● **Data**:
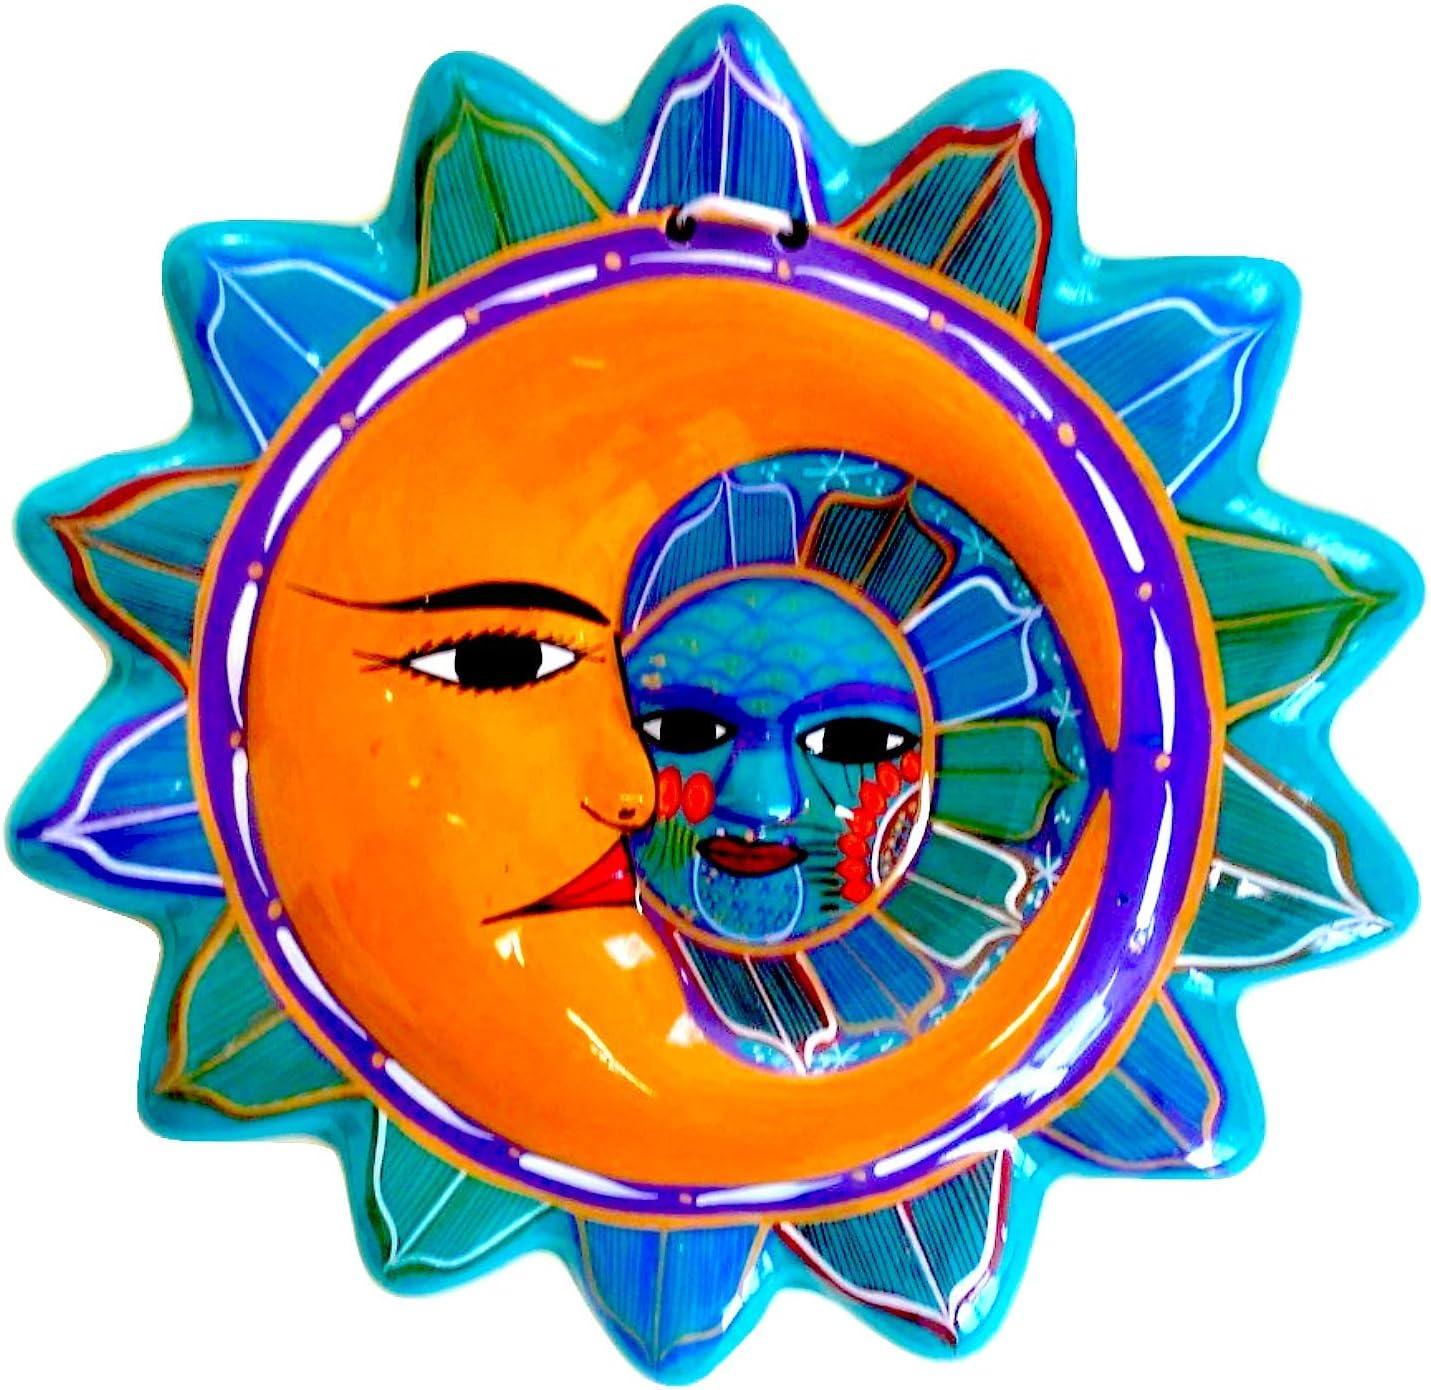 Casa Fiesta Designs Talavera Sun and Moon Face Decor - Ceramic Eclipse Mexican Home Decor - Hand Painted in Mexico - Wall Decoration - Eclipse
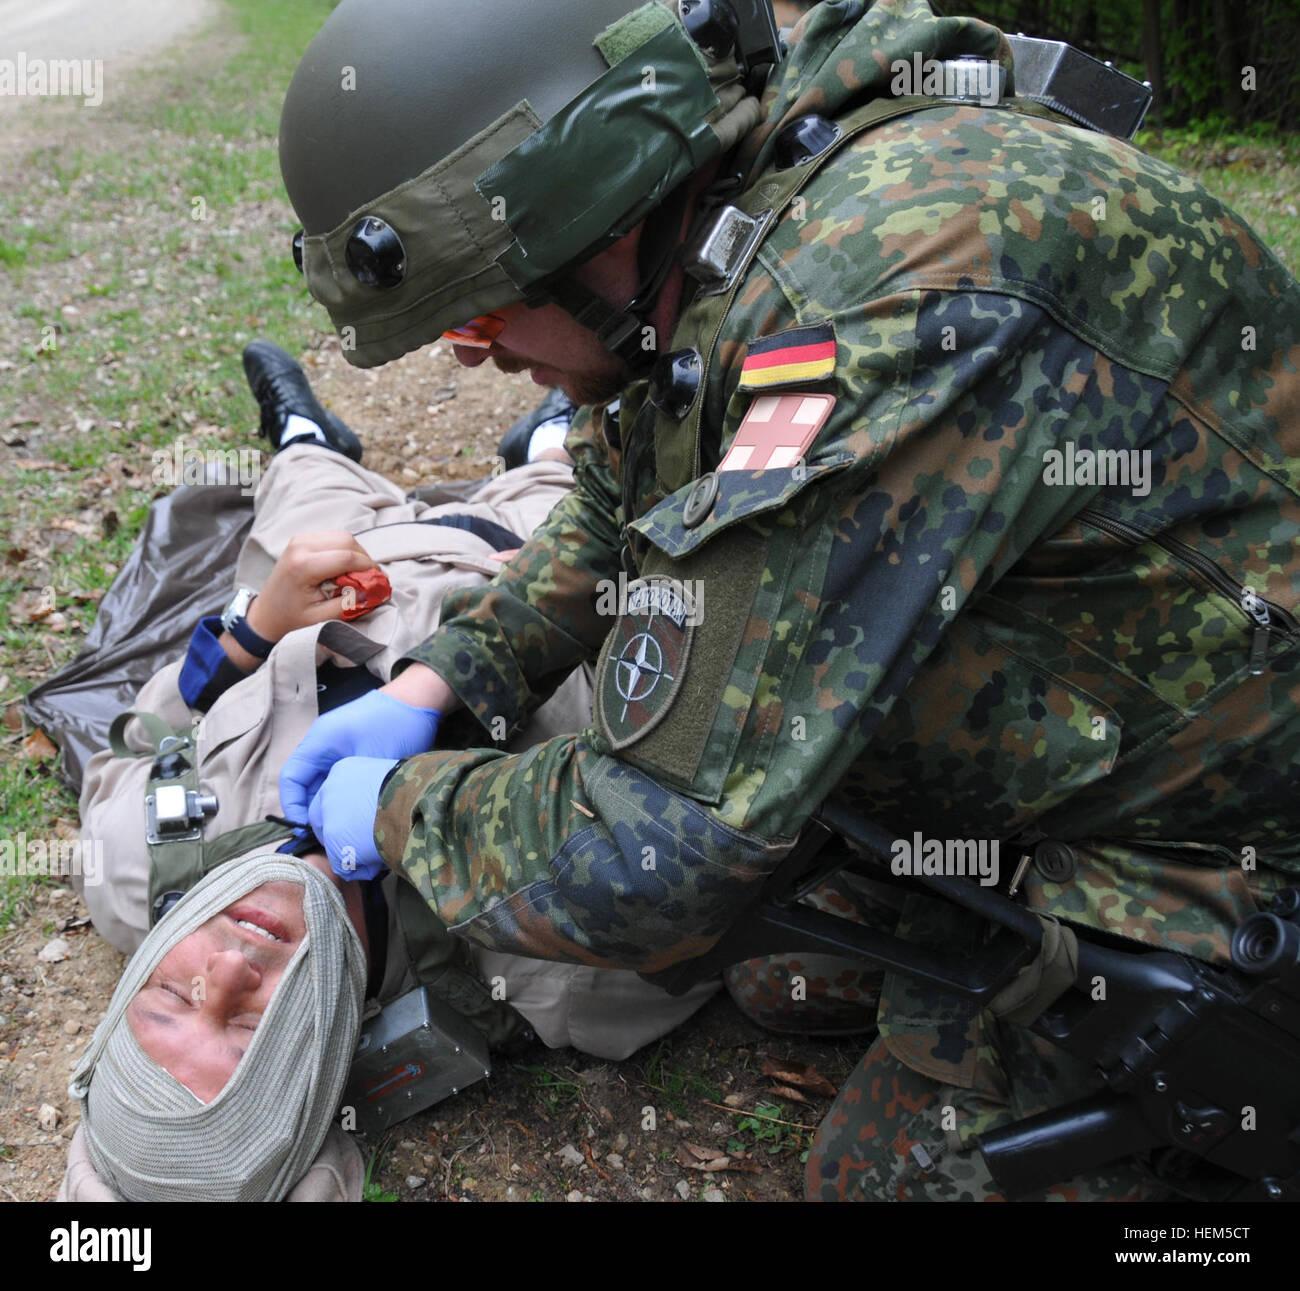 Großartig Uns Armee Veteran Lebenslauf Ideen - Entry Level Resume ...
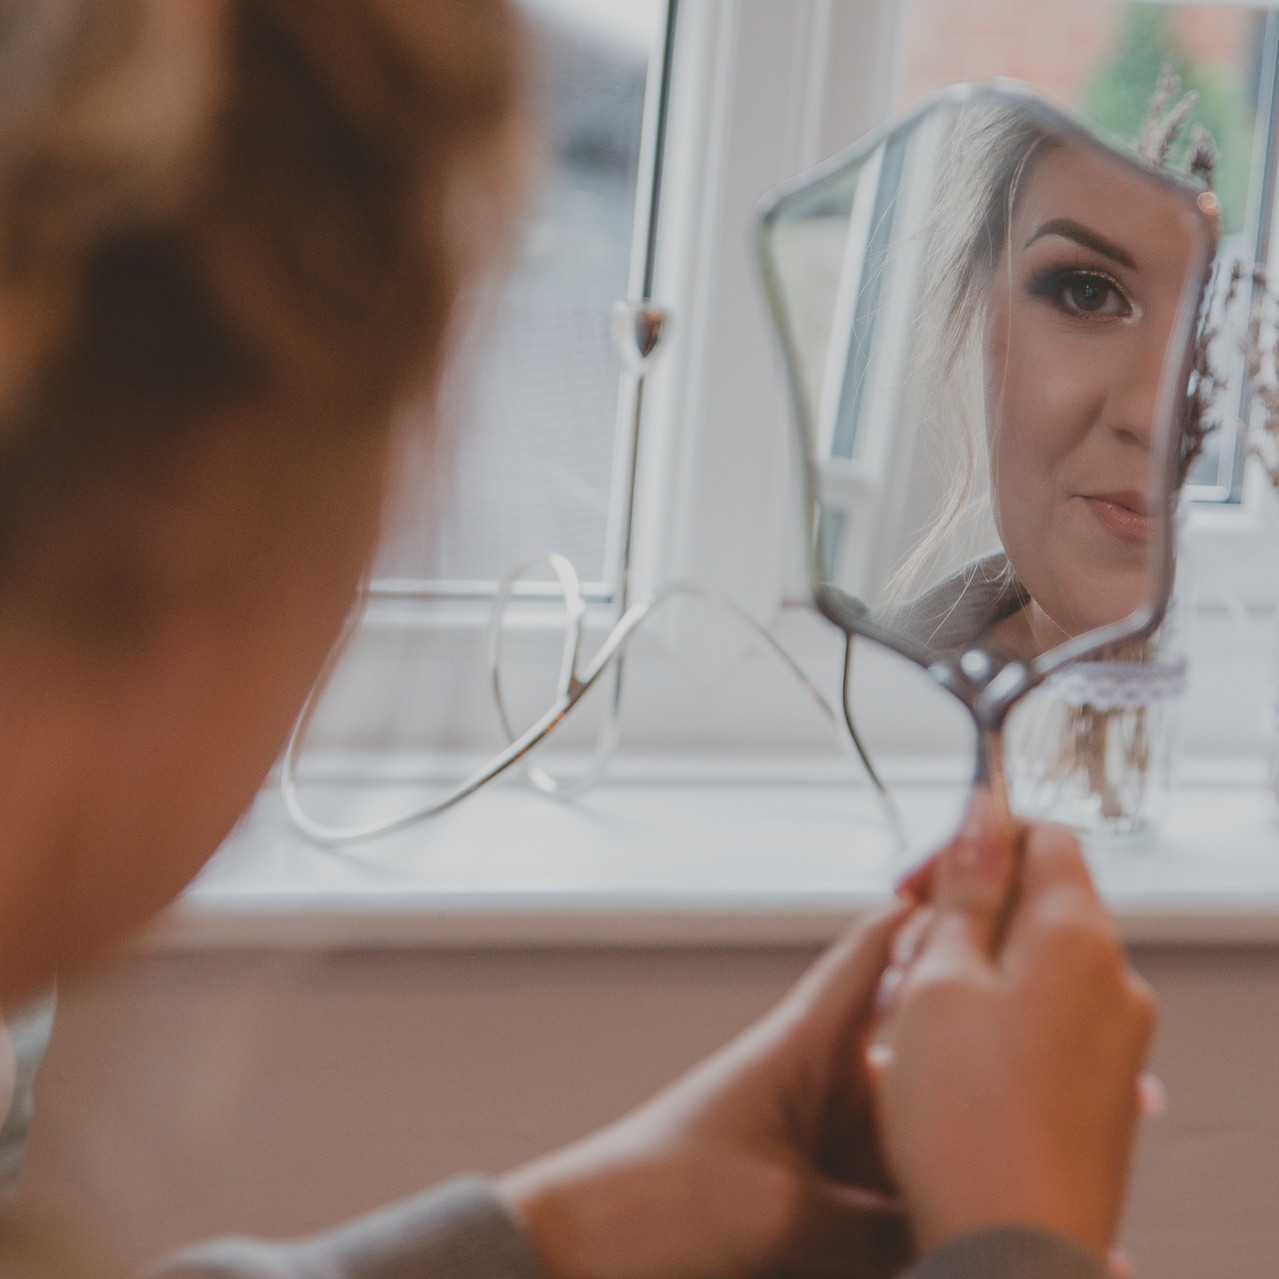 Fay Wedding - Thursford Collection at the Garden Pavilion, Norfolk. Mirror reflection
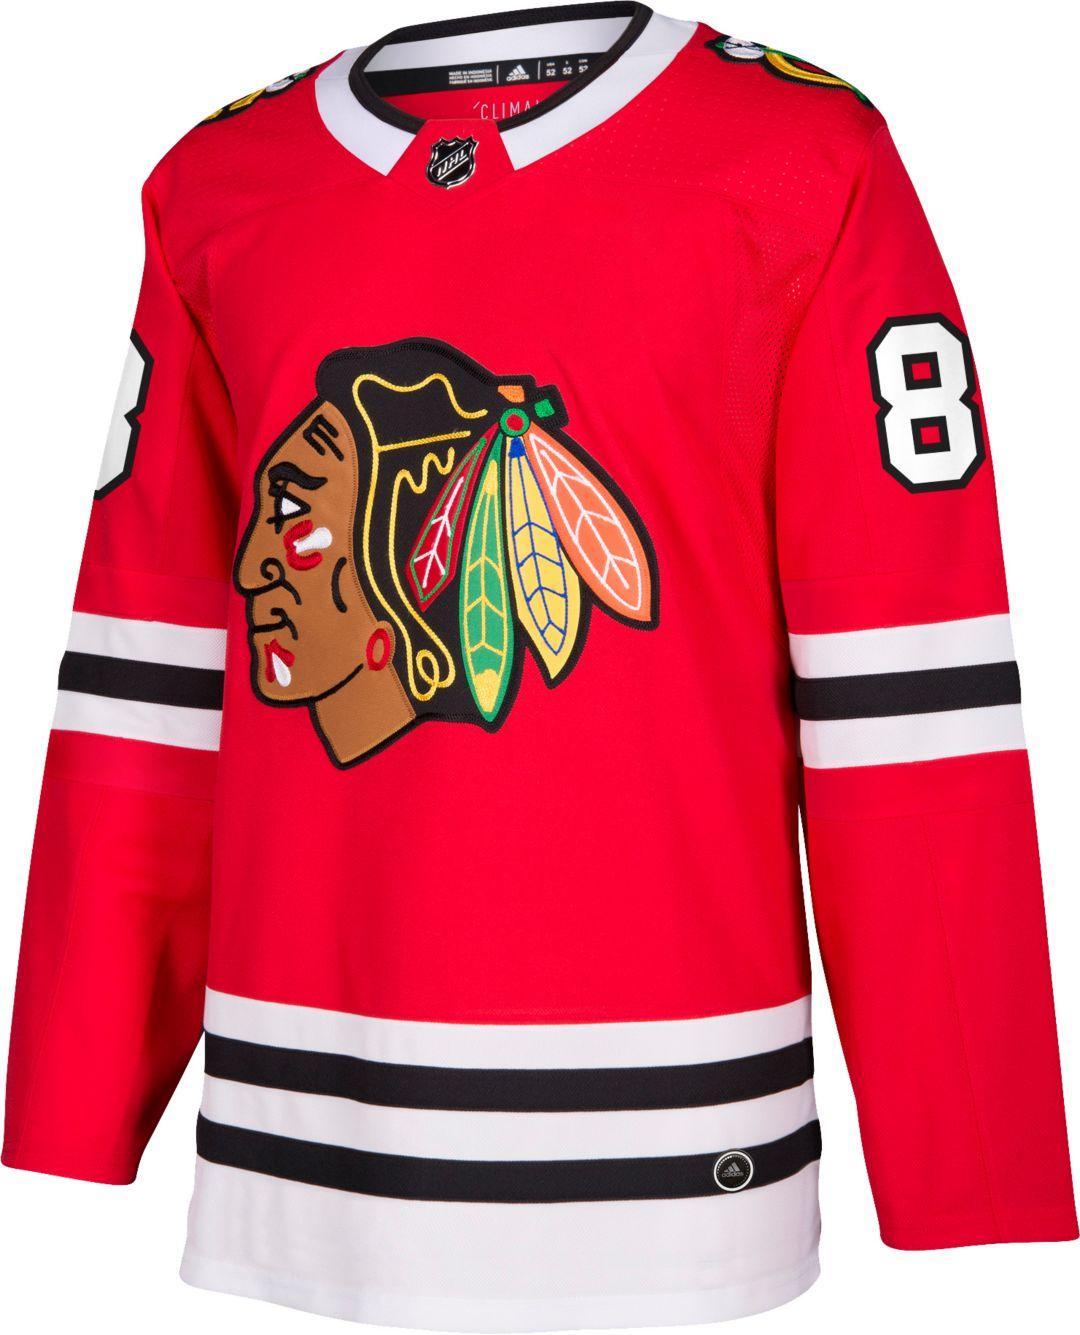 meet e40c4 cc5bf adidas Men's Chicago Blackhawks Patrick Kane #88 Authentic Pro Home Jersey

● **Try it**:
Return all of the material precisely as written. No picture belongs in it.

● **Exercise answer**:
 Casa Fiesta Designs Talavera Sun and Moon Face Decor - Ceramic Eclipse Mexican Home Decor - Hand Painted in Mexico - Wall Decoration - Eclipse
 Großartig Uns Armee Veteran Lebenslauf Ideen - Entry Level Resume ...
 Fay Wedding - Thursford Collection at the Garden Pavilion, Norfolk. Mirror reflection
 meet e40c4 cc5bf adidas Men's Chicago Blackhawks Patrick Kane #88 Authentic Pro Home Jersey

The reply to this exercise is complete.